SIMONE FORTI

[103]

MOTHER AND TOKYO

— I was scheduled to go to a dance festival in Japan. Mother seemed on the verge of dying but there had already been some false alarms. Years earlier, on my way to that same festival, I had gotten sick and had canceled at the last minute. I didn’t want to do it again.

Before leaving Los Angeles, standing at Mother’s bedside I told her, “I’m going away for a few days. I’m going to Paris.” I said Paris because I often worked there and she had once lived in Paris and could envision it. In fact when she heard “Paris,” she broke into a smile. Briefly. But mainly that look of blankness, some recognition that I was going away, her voice low, just raspy sound. Eyes imploring to connect.

I arrive Tokyo.
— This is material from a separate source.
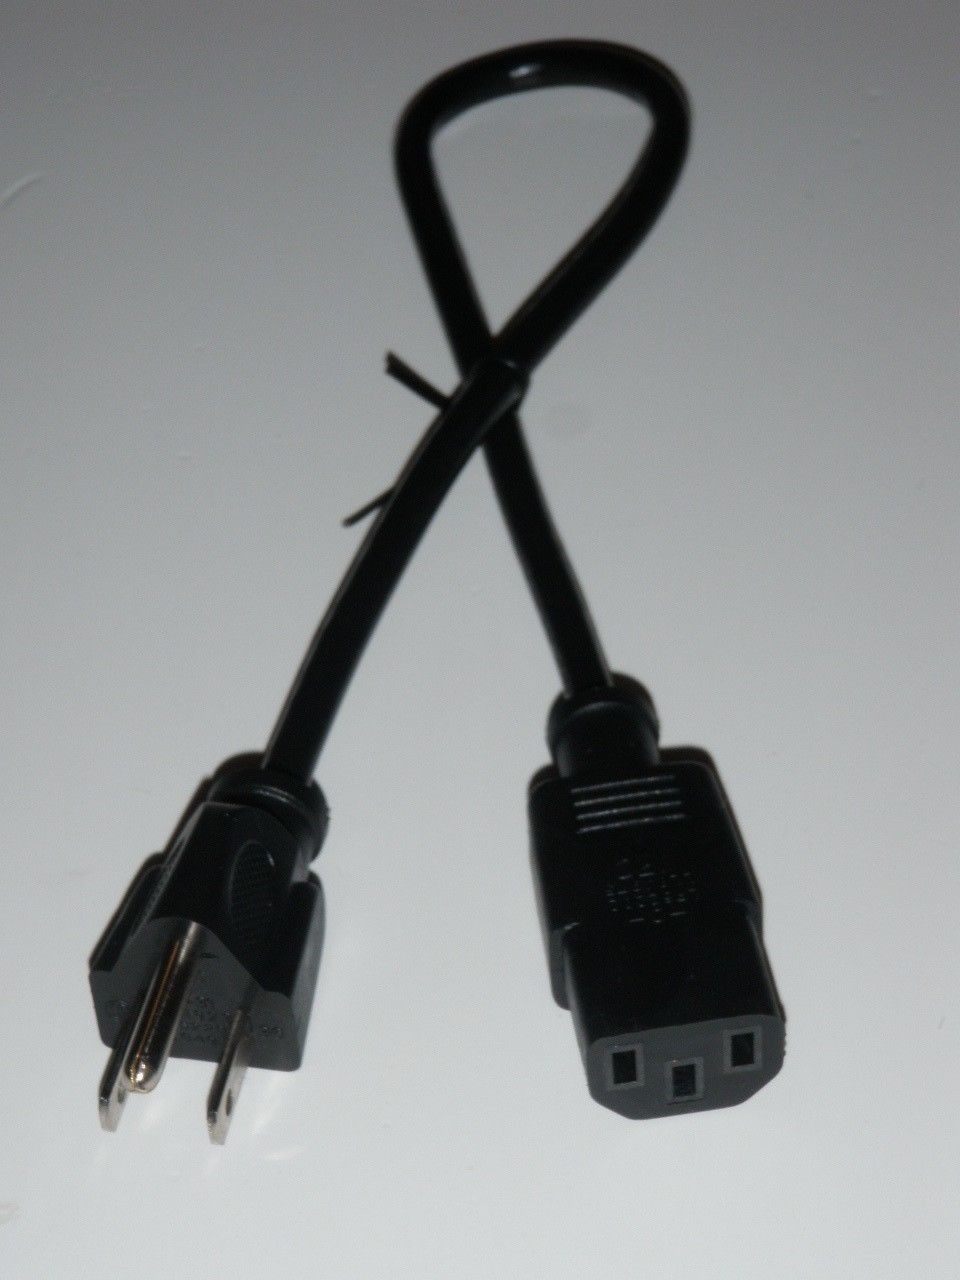 Black Power Cord for Tayama Cool Touch Rice Cooker Model TRC-10 (3pin 24") - $13.71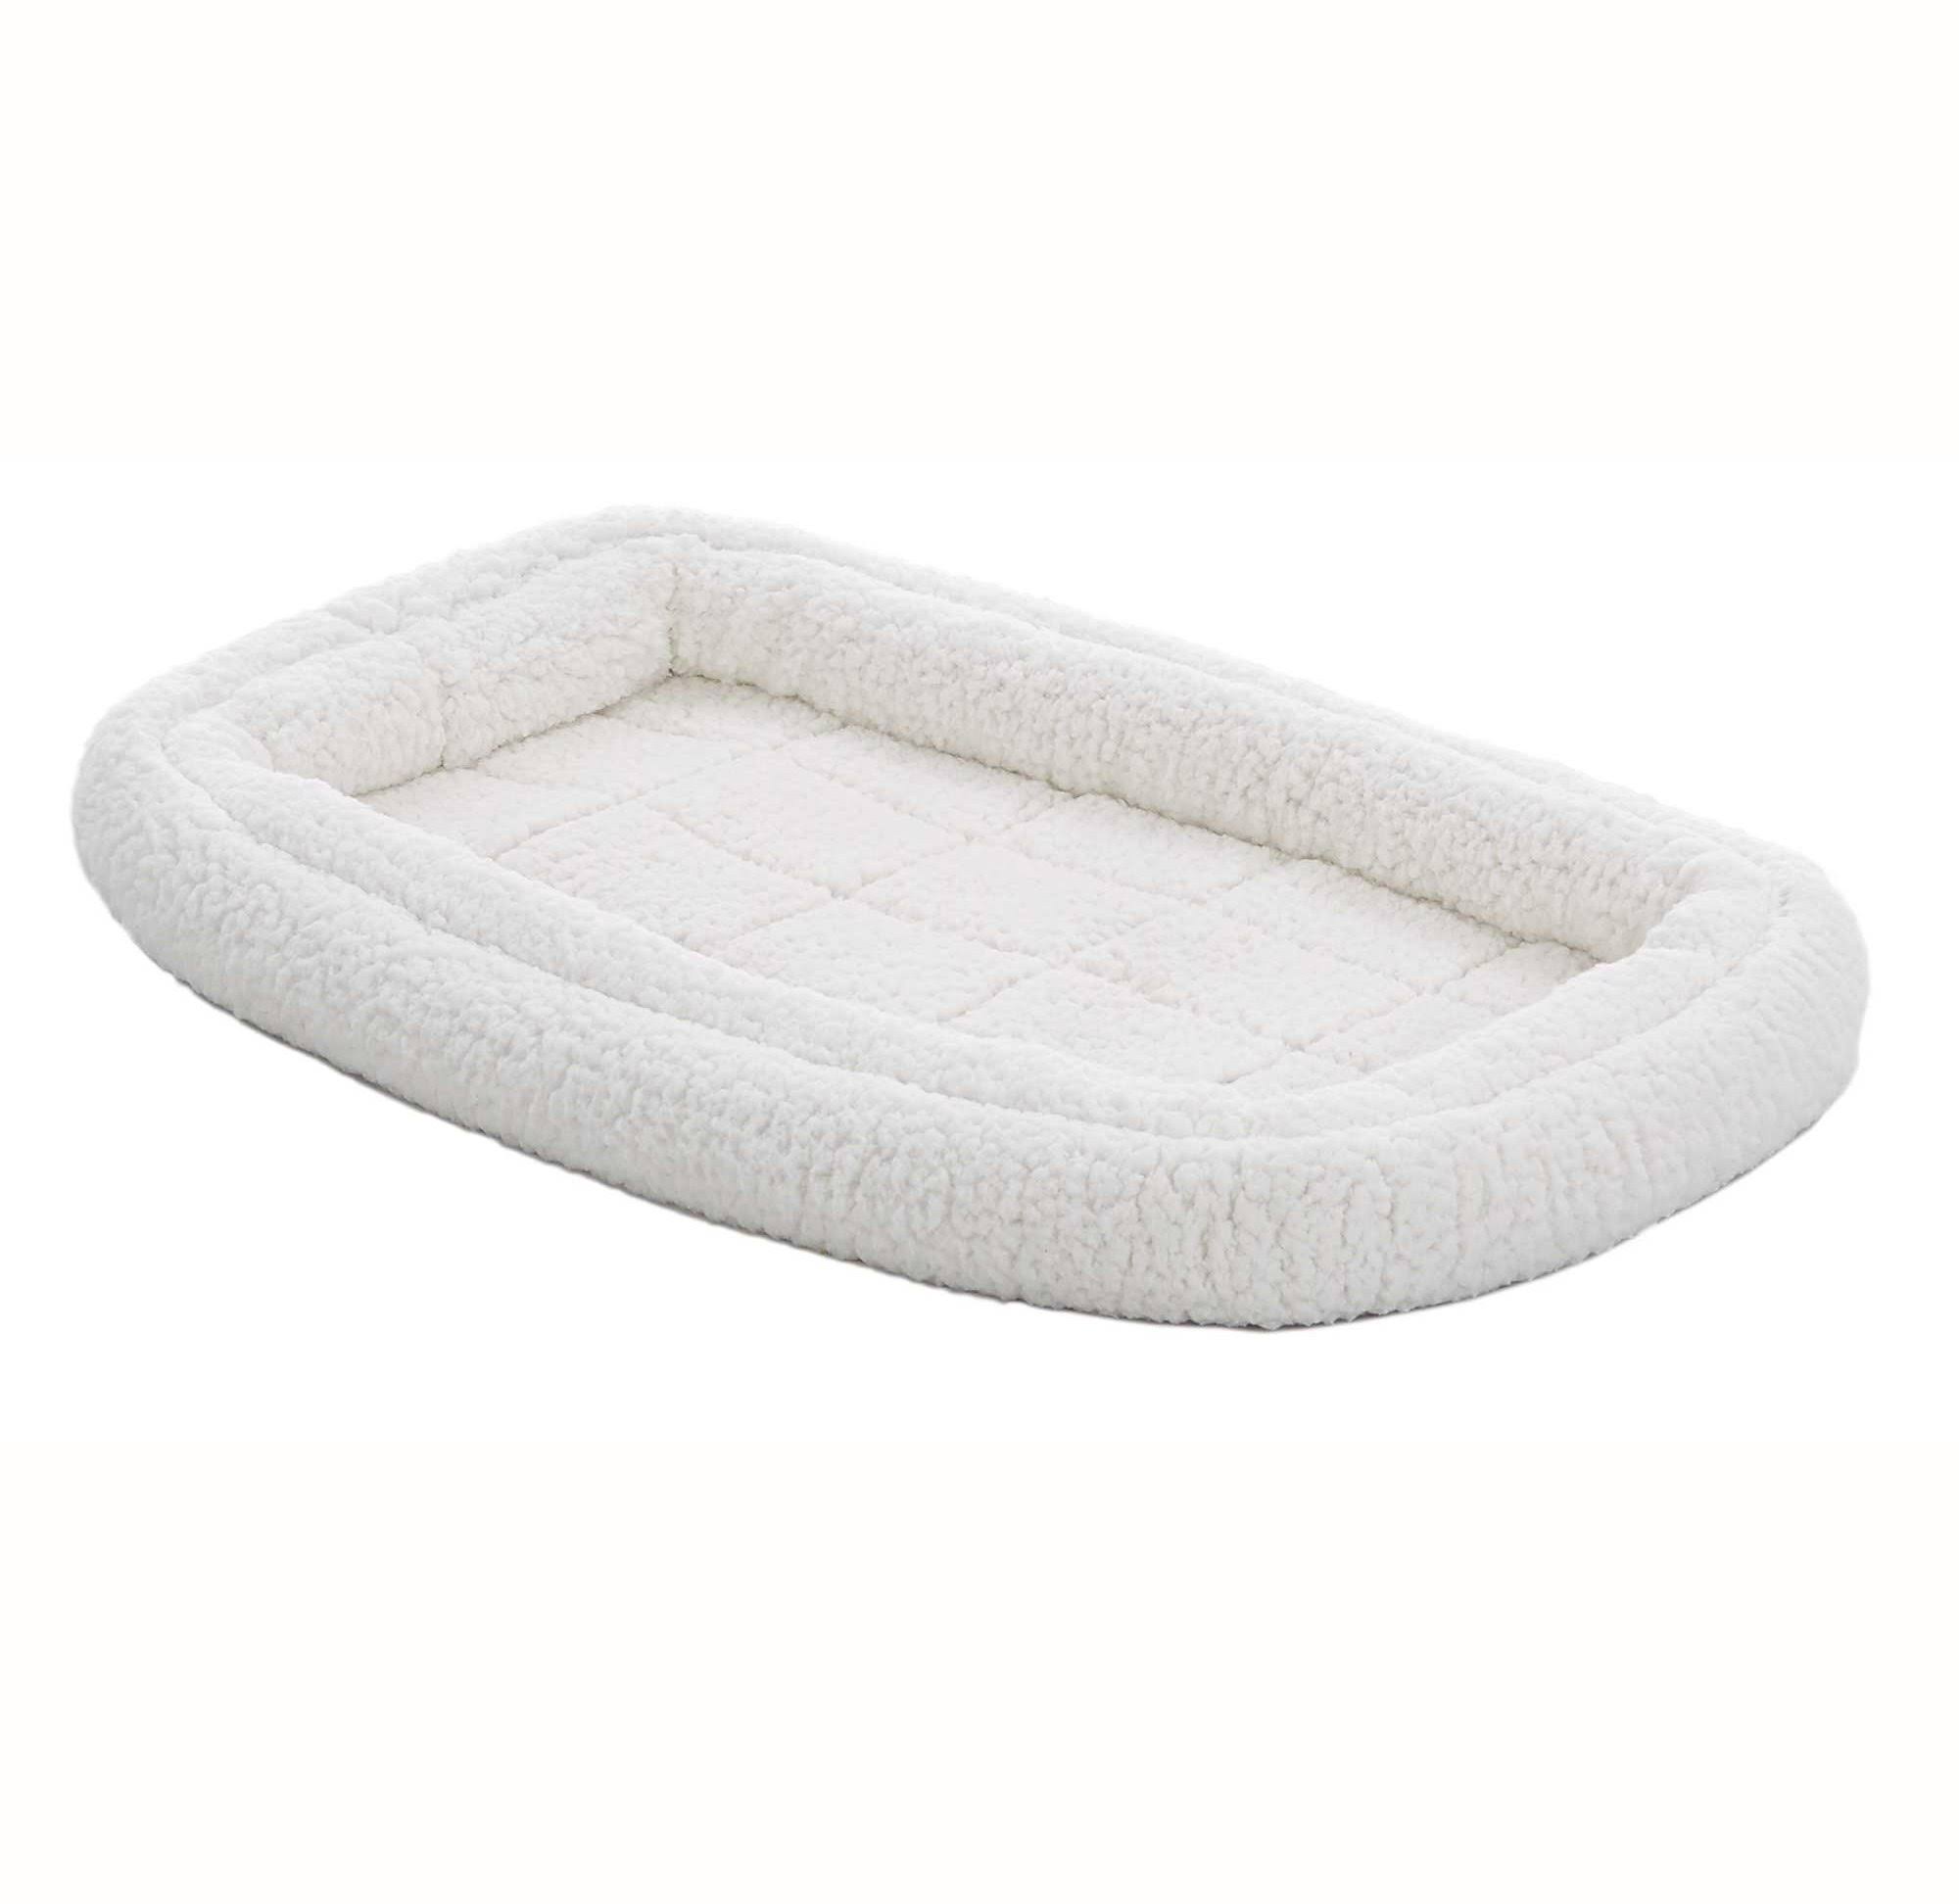 MidWest Quiet Time Deluxe Toy Double Bolster Dog Bed - White, 42"

Humid, hot, big wind. Many buses with big writing, yellow and white on black and red rising sun. Loudspeakers blaring, almost bring-fingers-into-ears loudness.

At hotel desk:

I ask: “What are they saying?”

Young woman: “Black cars? Election coming.”

Me: “Oh. Vote this one.”

“Yes.”

From my seventh-floor window I see treetops wild moving. Imagine steamy hotness whipping fragrance from the leaves. My room hermetic and gently air-conditioned, I placed phone calls. “Yes, I’m trying to call from Tokyo to Los Angeles. Your system isn’t accepting my account number.” And finally, “Hello Mommy! Hello Mommy! Hello Mommy!”

Then going out to change money, stopping again by front desk.

I say: “I see park from window. Where is park?”

She looks questioning.

Me: “Trees. Many trees. Park.”

“Oh.”

She pulls out map.

“Hotel here. Park here. But typhoon coming.”

In street some rain, big wind but all have open umbrellas. Department store, fourth-floor exchange booth, fifty dollars for five hundred eighty yen. Coming out again I feel the power of the wind; a little afraid, I move fast. Some still have umbrellas open.

Back in hotel, at front desk to get room key.

Young woman: “Not elections. Memorial Day. Those people support emperor. Today is anniversary Nagasaki. The black cars saying ‘Remember.’”

Me: “Oh. Thank you.”

Young woman: “I don’t want you have wrong information.”

“Oh, thank you. I appreciate.”

We linger, full of wanting to tell more, to hear more. She is young, sweet and clear behind desk. Thoughts bouncing around in both our minds as in a few seconds we micro-signal: “…there’s more to say, no, yes, no…” slight bows shared, “Thank you.” Again, “Thank you.” I go to elevator, my eyes leaving hers a little too quickly. Memorial Nagasaki.

Again wild moving trees seen from above. Waves of biomass crashing, running light and shadow. Finally I go down to the park. Working umbrella like kite, now with soaked shoes and pants legs. Through the locked gate I see the park’s dark floor. Take in its stillness. Breathe rich typhoon breath. A crow stands there, quiet. Earlier, a crow-call urgent, loud, and some hollow reedy sounds, first just hearing sound, then realizing it’s a call.

Mother loved languages and she gave me that love. I love to try, from one language to another, a word that is similar in French and Spanish and Italian, but in English different. Like “pioggia,” “lluvia,” “il pleut.” And then, “Rain.” “Speak” is sharp. “Parola,” “parlare,” “parlance” rolls from the tongue. “Tongue” taps at the root of the teeth and finishes back in the root of itself. “Tongue.” “Teeth” is very to the teeth. In Mother’s earlier old age she would slip from language to language to language and I would slip around with her. When she was still walking we sometimes would go to the Japanese Pavilion at the Los Angeles County Museum and walk down the spiral ramp looking at the prints, or the calligraphy. Ink that strokes the subject, and can, for a moment, change your breathing.

When I got back to Los Angeles and entered her room, Mother dug her face toward the pillow, looking away. Then I read to her in English, brief poems by Japanese women, soft and rhythmic, for her to have the activity of sound-listening, activity being so scarce in her last days. We fall silent, a peaceful moment, the brittle edge gone, we linger. I resume reading, Mother long beyond following meaning but sensing the meaning of being read to. And the grace of the sound.

Simone Forti is a dancer, choreographer and writer. Based in Los Angeles, she directs the ensemble, Sleeves, with whom she has just performed CONVERSATION PIECE at Highways Performance Space. She is interested in conversation as an important element of civic life and in the juxtaposition of, or space between, different people’s different ways of doing and seeing.